In the WormGazer™ assay, worms showed an improvement in movement levels on all SMX concentrations (Fig. 3B) that was statistically significant from day 2 onwards (p < 0.002) (Fig. 3C). Notably, by day 7, the difference was already clear. The AUC between days 2 and 7 showed that all SMX concentrations led to significant improvements in healthspan (p < 0.01 for 1 µg/mL SMX, p < 0.002 for 4 µg/mL and 8 µg/mL SMX) (Fig. 3D). The automated monitoring also collected speed data (Fig. 3E, F), showing that the mean speed of moving worms was significantly slower for the SMX conditions at day 2.5 (p < 0.002, Supplementary Table S3) but speed across the whole experiment was significantly increased with SMX (Fig. 3F, inset).

The WormGazer™ experiment required disturbing the worms only three times over the time period while the manual lifespan required doing so every other day from day 7 onwards. No movement above the automated movement threshold was detected after day 22, whereas the manual method could detect smaller movements and response to prodding, and so lasted until day 40.

Overall, the two methods showed comparable results but with large differences in user effort and the amount of data captured. An AUC from days 2 to 7 showed the same significant result as a 40-day manual lifespan, which indicates that a 7-day healthspan can be used to detect lifespan extensions without requiring the work and time of a lifespan assay.

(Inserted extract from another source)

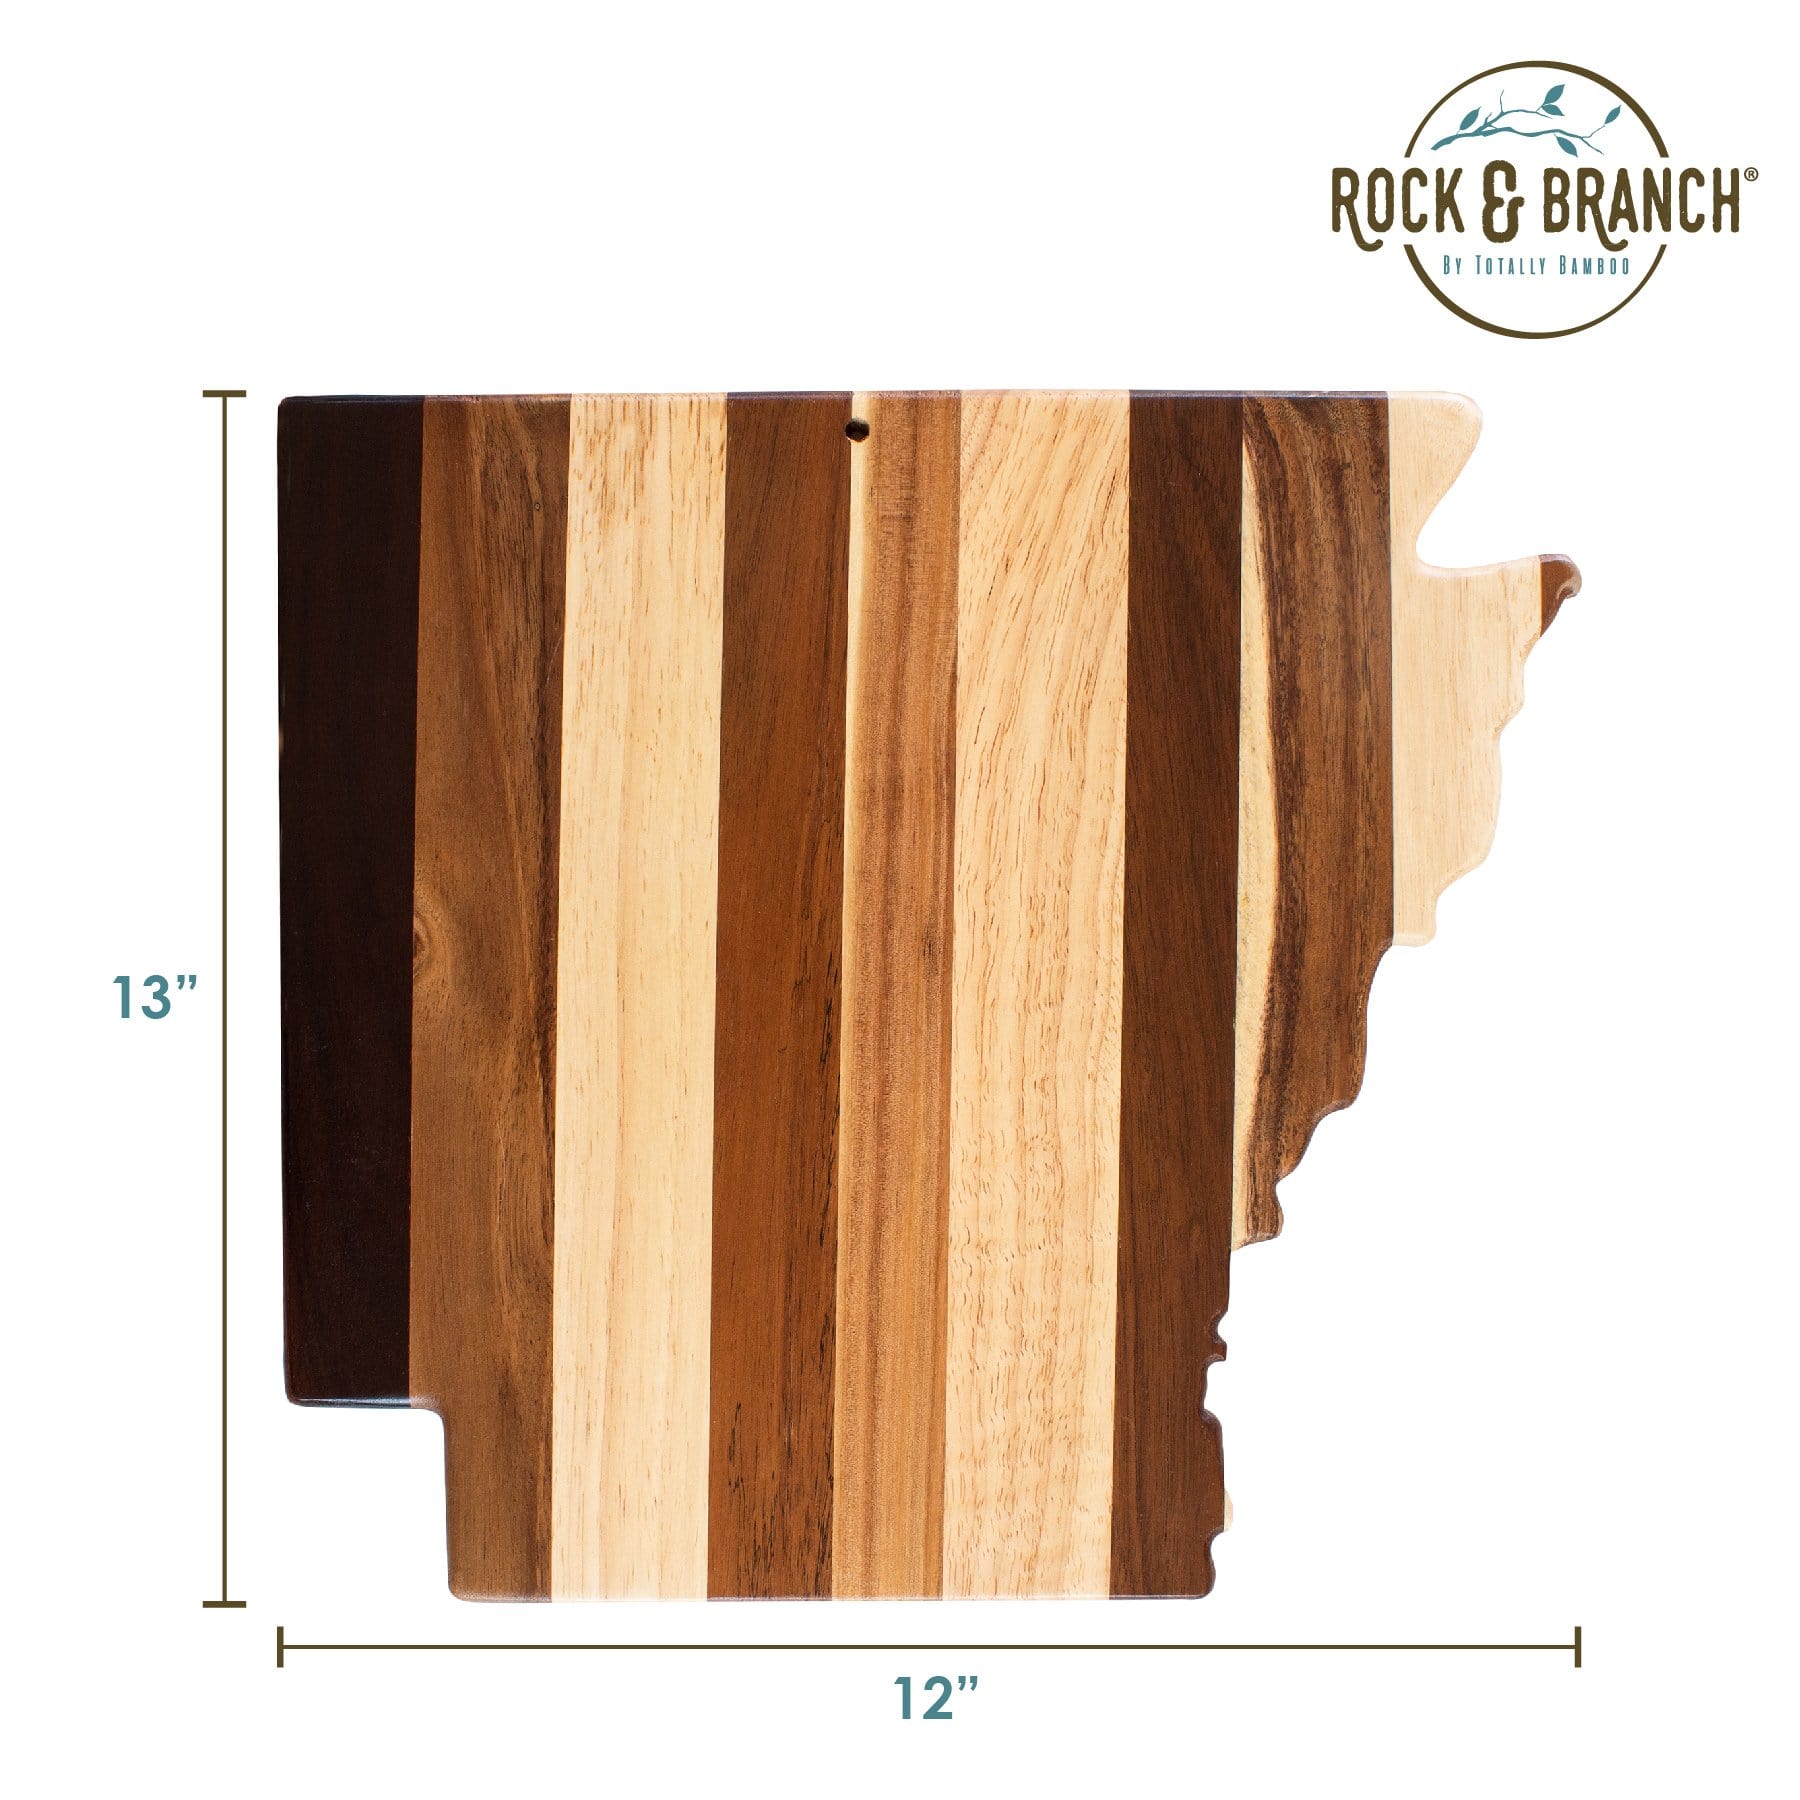 Totally Bamboo Rock & Branch® Shiplap Series Arkansas State Shaped Wood Serving and Cutting Board
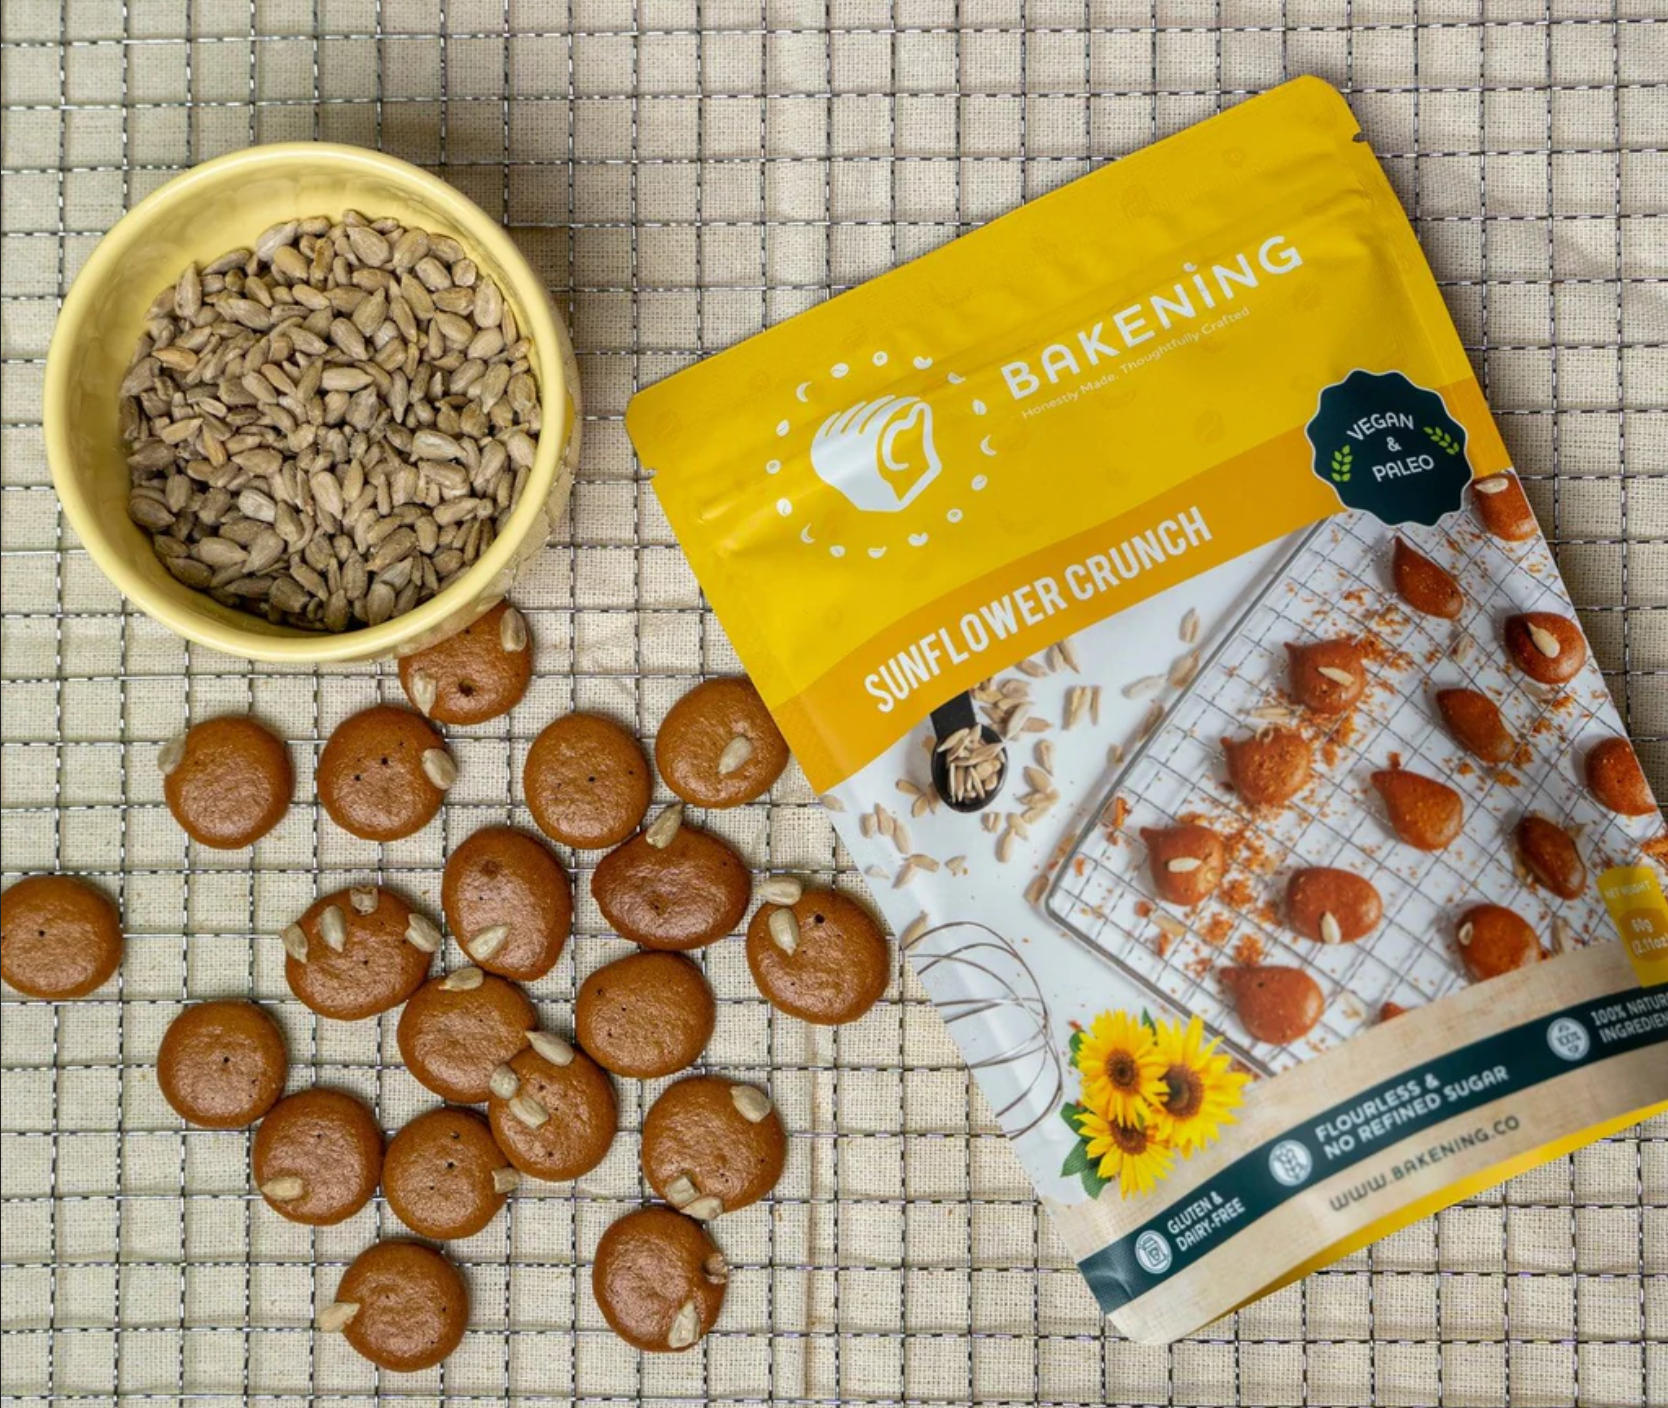 Bakening Sunflower Crunch Cookies | Buy at The Green Collective

Testing alpha-ketoglutarate

Next, we tested alpha-ketoglutarate (αKG), a metabolic intermediate in the Krebs cycle shown to extend lifespan in C. elegans [27]. To understand the effect of αKG on ageing, we conducted an experiment to look for a concentration-dependent effect on healthspan from 0.5 to 8 mM, with 8 mM being the reported effective concentration. We found that 8 mM, in fact, significantly reduced worm movement while 0.5 mM and 2 mM had no effect (Fig. 4A).

Fig. 4

Alpha-ketoglutarate improves worm health. A Fraction moving of worms on alpha-ketoglutarate and its integration of the area under the curve (inset). n ≥ 180 worms, 6–8 Petri dishes per condition. B Fraction moving of a smaller concentration range, identifying two positive concentrations with integration of the AUC (inset). n ≥ 330 worms, 11–12 Petri dishes per condition. C Mean speed of all worms for the B experiment and integration of AUC (inset). D Fraction moving of a repeat for B, showing the same results with integration of AUC (inset). n ≥ 300 worms, 10–11 Petri dishes per condition. E Fraction moving of a smaller concentration range, identifying three positively effecting concentrations with integration of AUC (inset). n ≥ 150 worms, 5–9 Petri dishes per condition. * = p < 0.05, ** = p < 0.01, *** = p < 0.002, one-tailed test. Compound added to DM agar. Temperature-sensitive sterile glp-4 worms were used

We tightened the concentration range to 0.5 to 4 mM and used higher animal numbers, to find that 2 mM and 4 mM αKG significantly improved movement by 12.7% and 10.7%, respectively, in the first 7 days compared to control (p < 0.002, Fig. 4B). Furthermore, 4 mM improved the mean speed of all worms (Fig. 4C). The mean speed of moving worms for all experiments can be found in Supplementary Fig. S2. This finding was reproducible (Fig. 4D). An even smaller concentration range was then assayed to find that 3 mM and 5 mM αKG were also effective in improving movement (Fig. 4E). Overall, by using a 7-day automated monitoring experiment, we found αKG is effective in maintaining health across a small range of concentrations.